= Beginning of Section =

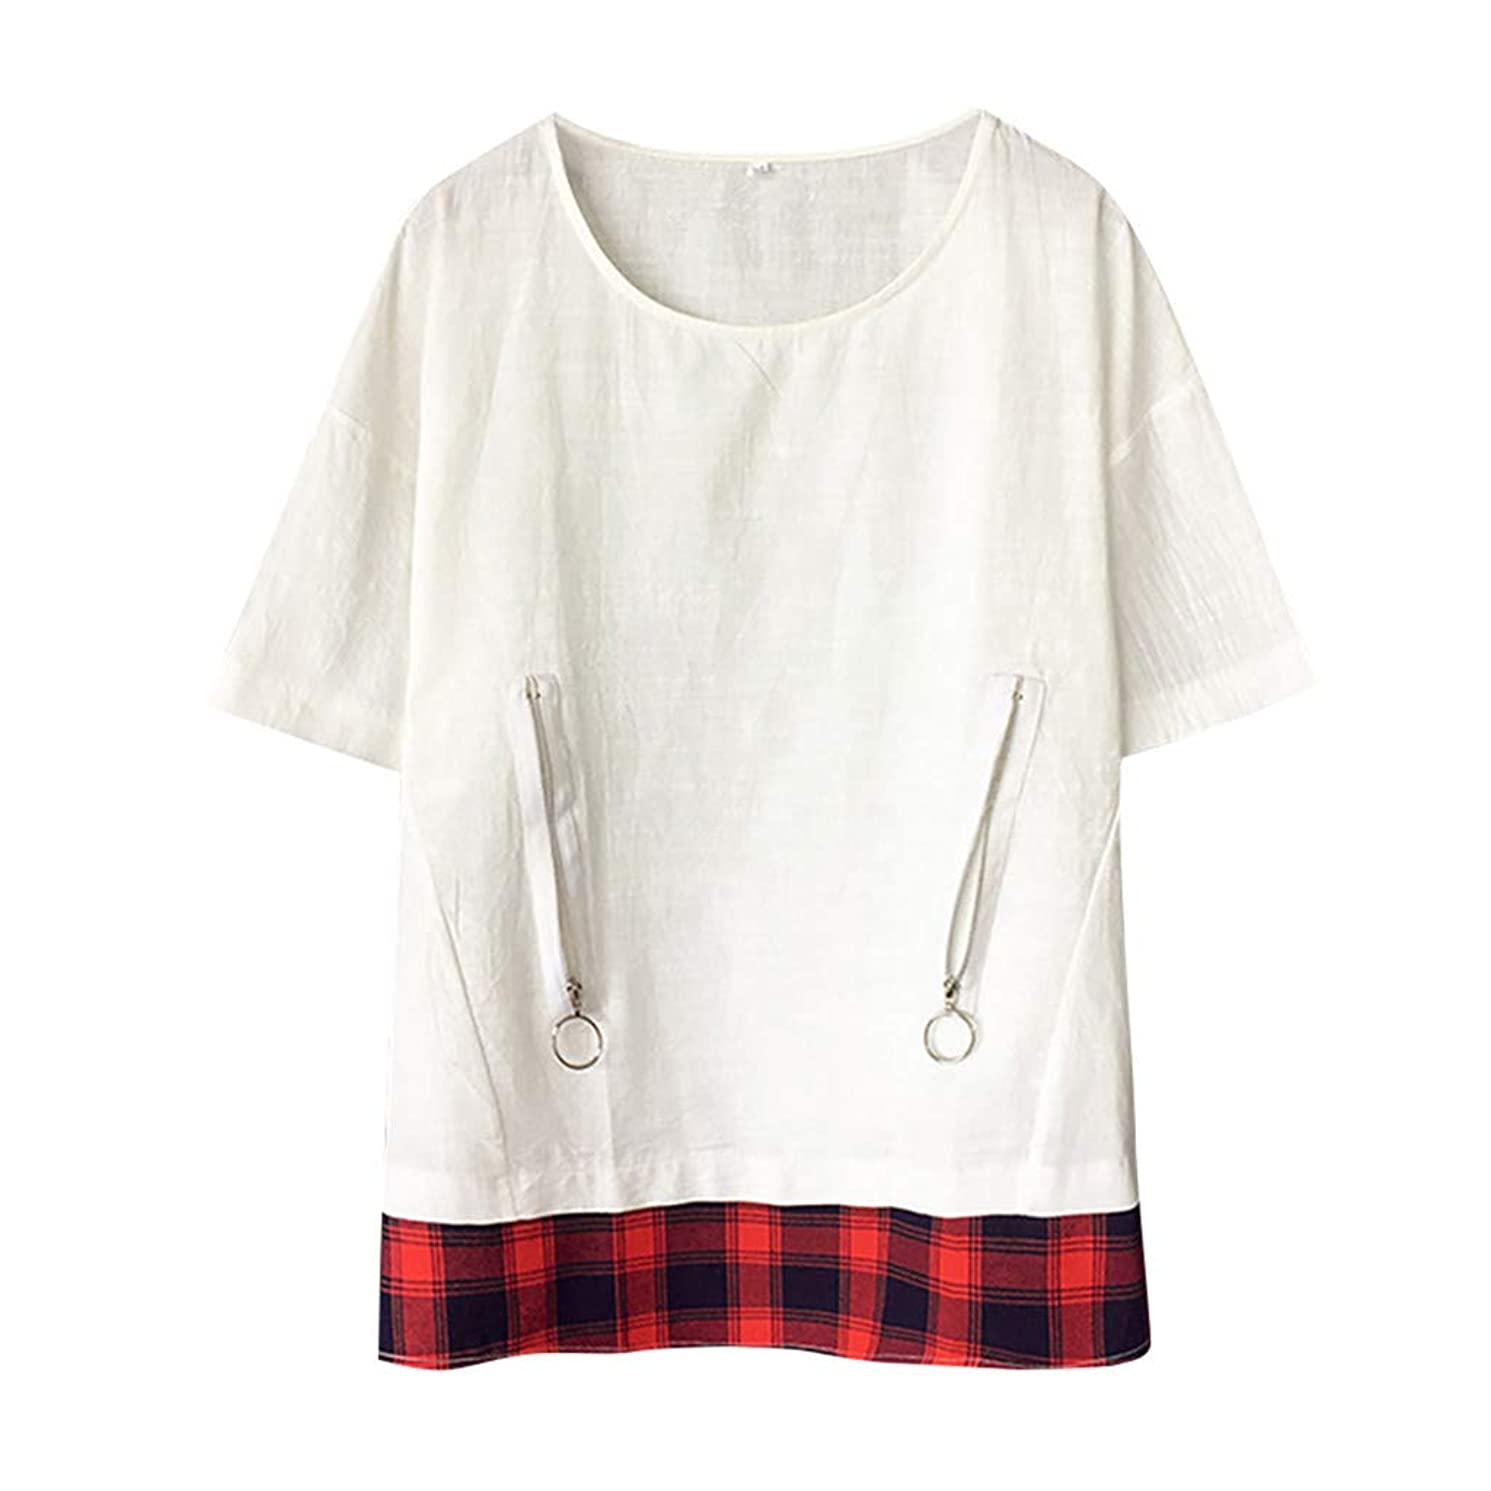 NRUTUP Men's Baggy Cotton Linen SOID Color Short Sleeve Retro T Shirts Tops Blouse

= End of Section =
= Beginning of Section =

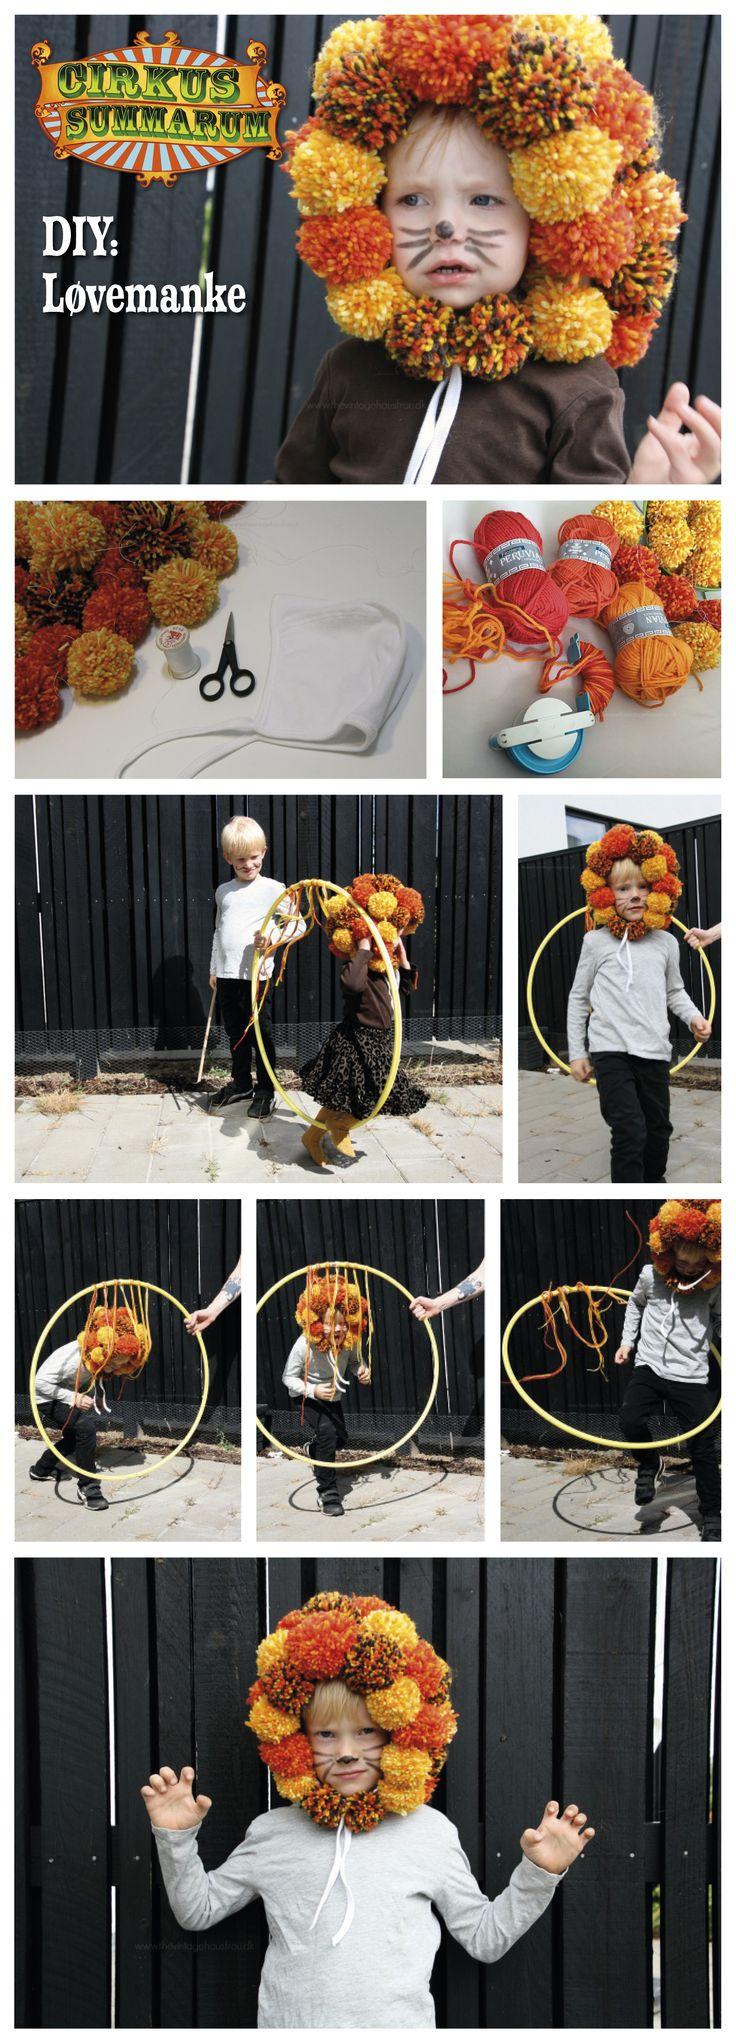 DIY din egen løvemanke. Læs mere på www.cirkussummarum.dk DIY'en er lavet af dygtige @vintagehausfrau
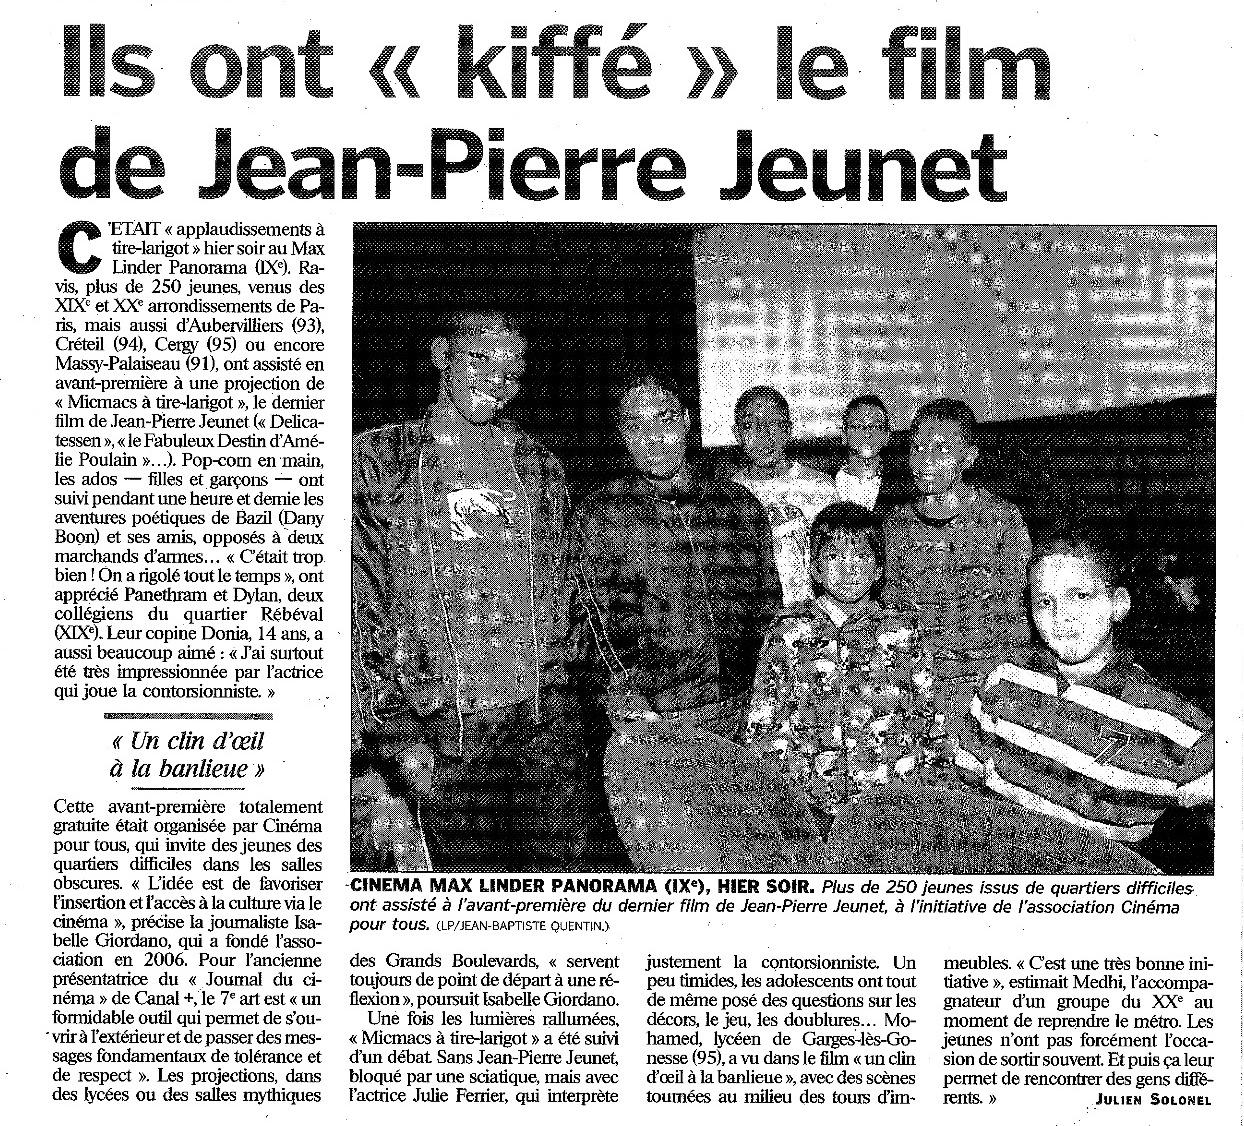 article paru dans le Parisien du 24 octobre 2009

= End of Section =

Reproduce, exactly and only, the lines of the records above starting at the line with "DIY din egen" and ending at the line with "article paru dans", both included. Leave every picture out.

● Result of the exercise
 DIY din egen løvemanke. Læs mere på www.cirkussummarum.dk DIY'en er lavet af dygtige @vintagehausfrau
 article paru dans le Parisien du 24 octobre 2009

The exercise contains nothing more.